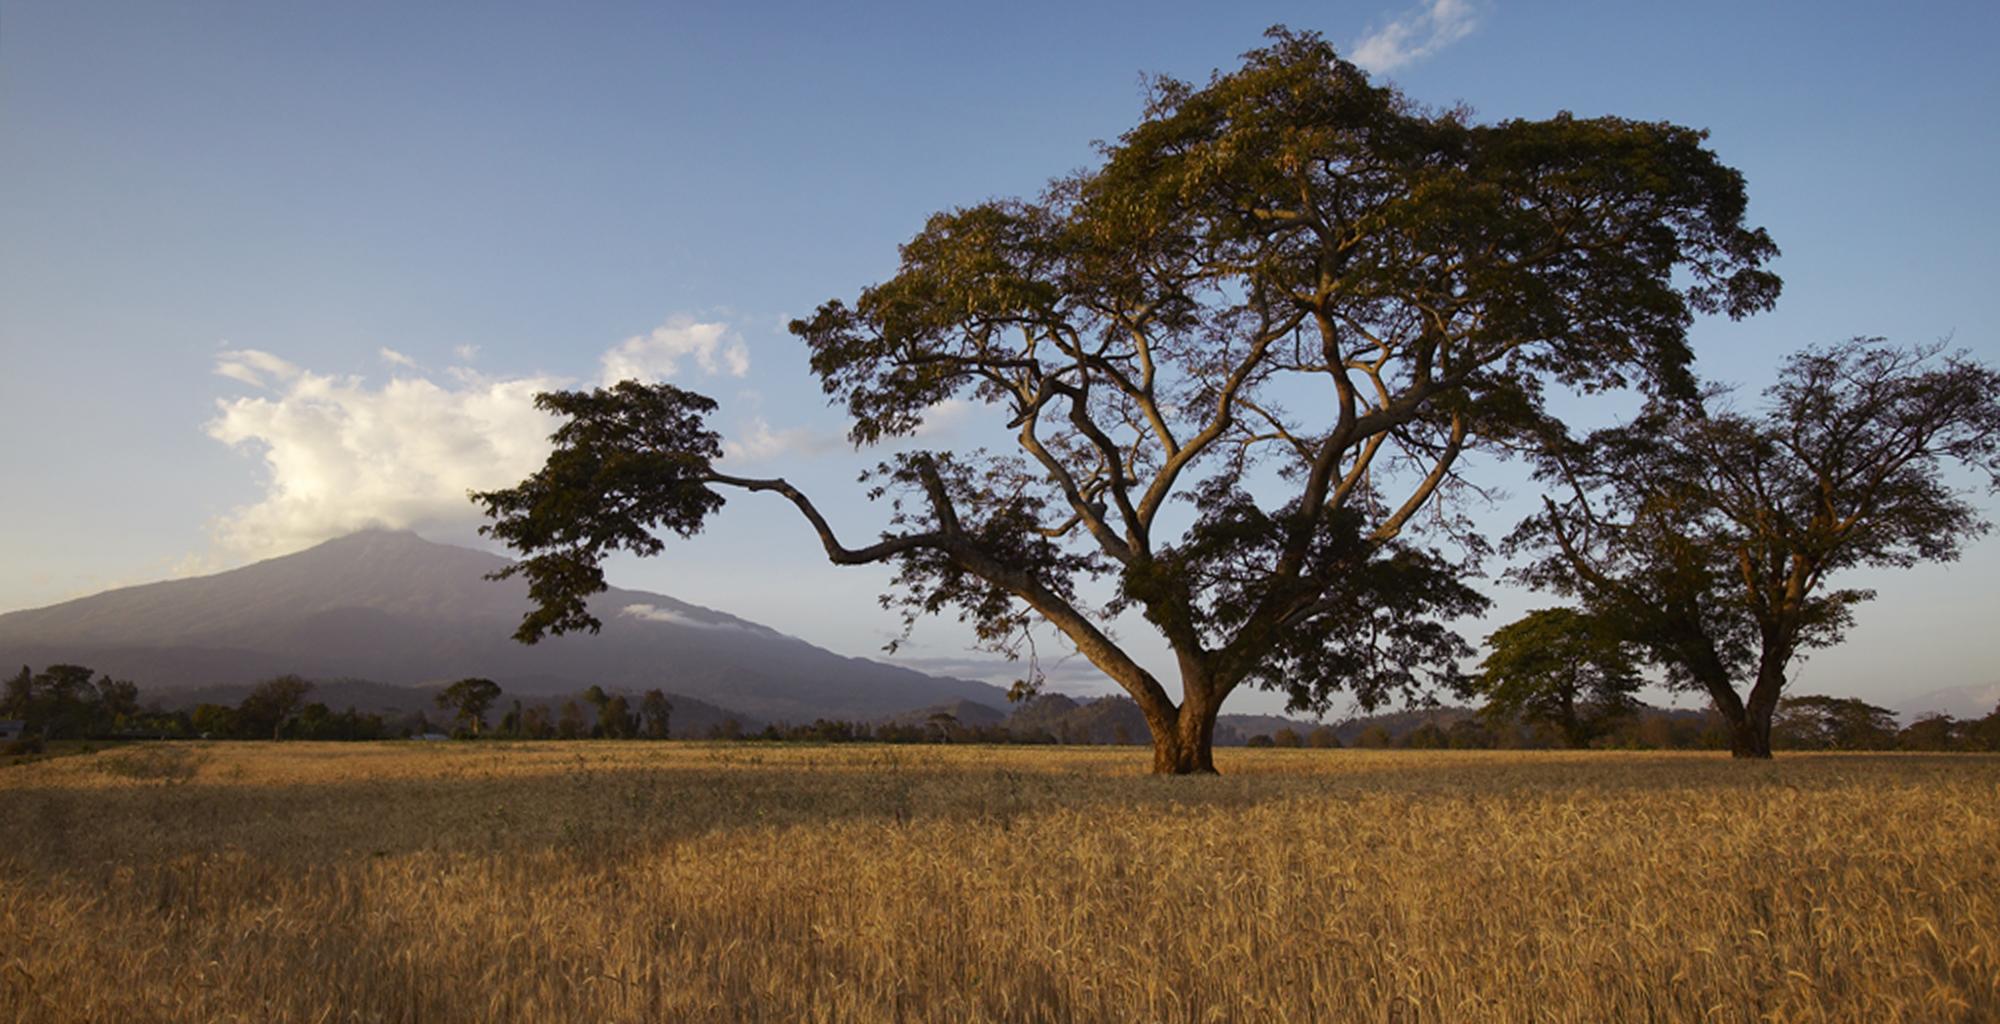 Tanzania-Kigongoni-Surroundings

- - - - - - -

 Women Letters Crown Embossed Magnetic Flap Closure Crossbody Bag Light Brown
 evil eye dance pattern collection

- - - - - - -

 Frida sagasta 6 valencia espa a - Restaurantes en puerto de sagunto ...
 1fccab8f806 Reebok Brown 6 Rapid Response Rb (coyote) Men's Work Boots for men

- - - - - - -

WHAT YOU WILL DO =>
From the records above, copy each line in which the string "Brown" occurs.

ANSWER SECTION =>
 Women Letters Crown Embossed Magnetic Flap Closure Crossbody Bag Light Brown
 1fccab8f806 Reebok Brown 6 Rapid Response Rb (coyote) Men's Work Boots for men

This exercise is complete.